Each line from the one containing "Cloch Lighthouse Dawn" to the end of the records should be copied exactly, and no other line.

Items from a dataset
'''
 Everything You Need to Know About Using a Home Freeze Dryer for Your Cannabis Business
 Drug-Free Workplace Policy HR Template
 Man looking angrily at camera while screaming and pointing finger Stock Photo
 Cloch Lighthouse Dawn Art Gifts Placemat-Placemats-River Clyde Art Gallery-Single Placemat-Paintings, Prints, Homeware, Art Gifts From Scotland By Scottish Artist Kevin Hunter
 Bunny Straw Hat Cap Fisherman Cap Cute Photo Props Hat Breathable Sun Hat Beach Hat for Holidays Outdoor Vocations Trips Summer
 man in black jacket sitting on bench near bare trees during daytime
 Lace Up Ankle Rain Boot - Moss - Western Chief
'''
**SOLUTION BELOW**
 Cloch Lighthouse Dawn Art Gifts Placemat-Placemats-River Clyde Art Gallery-Single Placemat-Paintings, Prints, Homeware, Art Gifts From Scotland By Scottish Artist Kevin Hunter
 Bunny Straw Hat Cap Fisherman Cap Cute Photo Props Hat Breathable Sun Hat Beach Hat for Holidays Outdoor Vocations Trips Summer
 man in black jacket sitting on bench near bare trees during daytime
 Lace Up Ankle Rain Boot - Moss - Western Chief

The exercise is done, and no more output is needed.